__Data__
****************************************

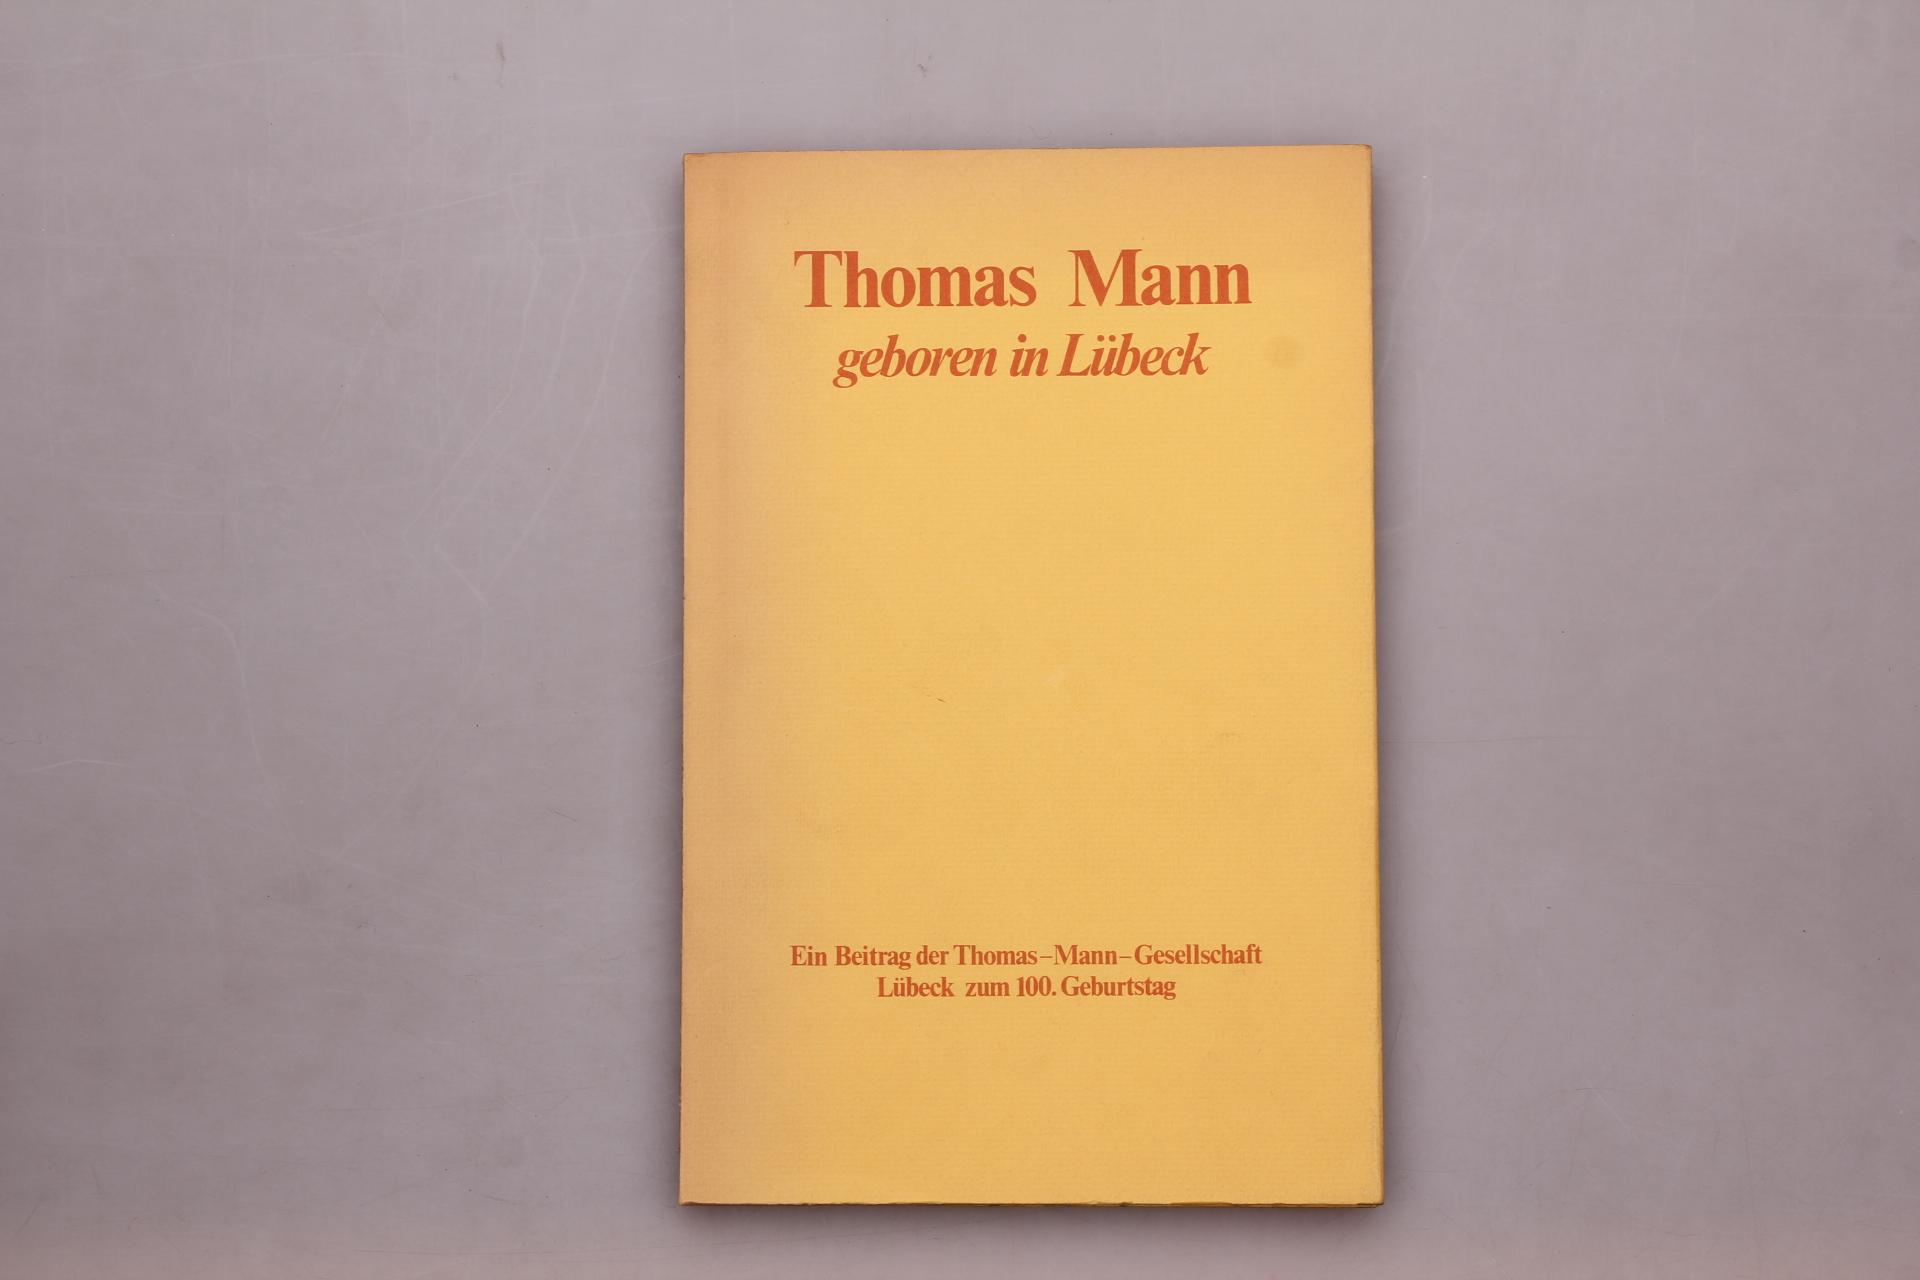 THOMAS MANN, GEBOREN IN LÜBECK
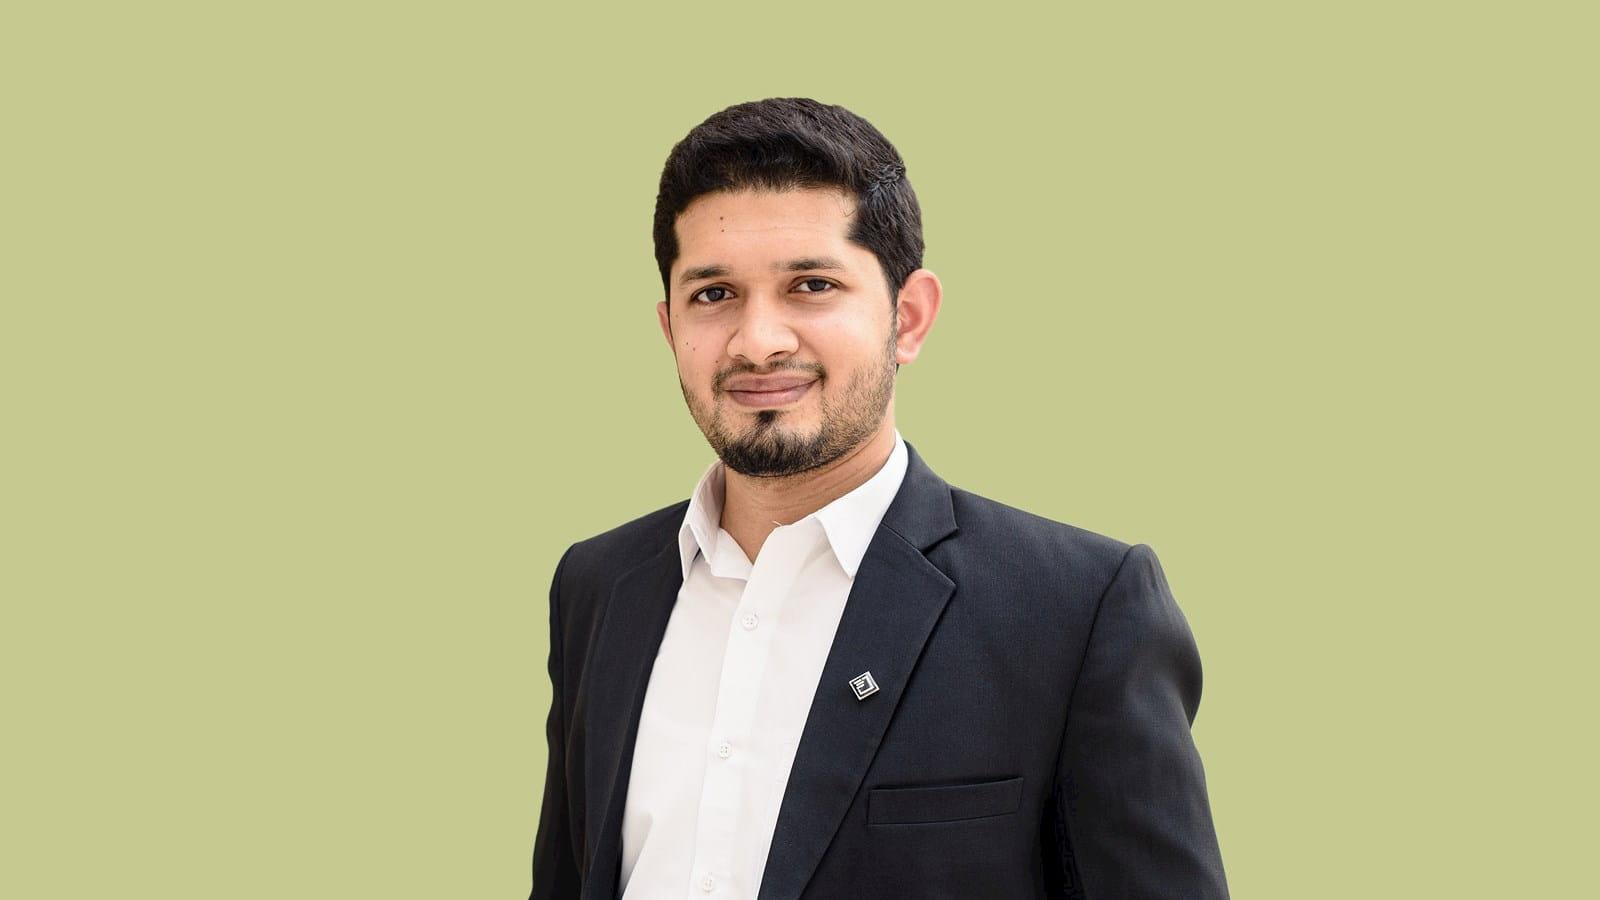 Umair Javaid
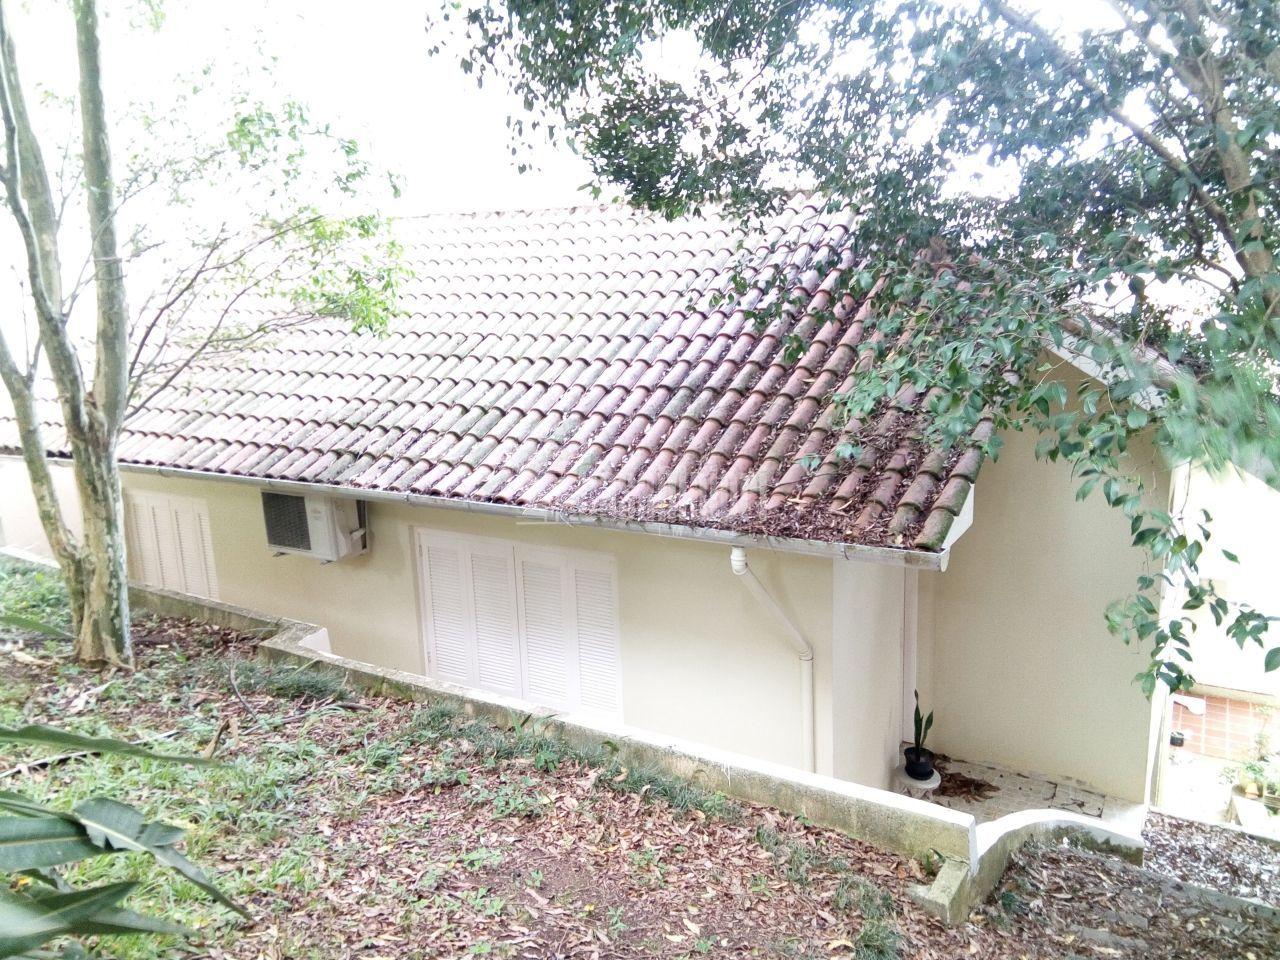 Terreno/Lote à venda, 798 m² por R$ 5.319.000,00

****************************************

Write the data out again word for word; leave the pictures behind.

 THOMAS MANN, GEBOREN IN LÜBECK
 Umair Javaid
 Terreno/Lote à venda, 798 m² por R$ 5.319.000,00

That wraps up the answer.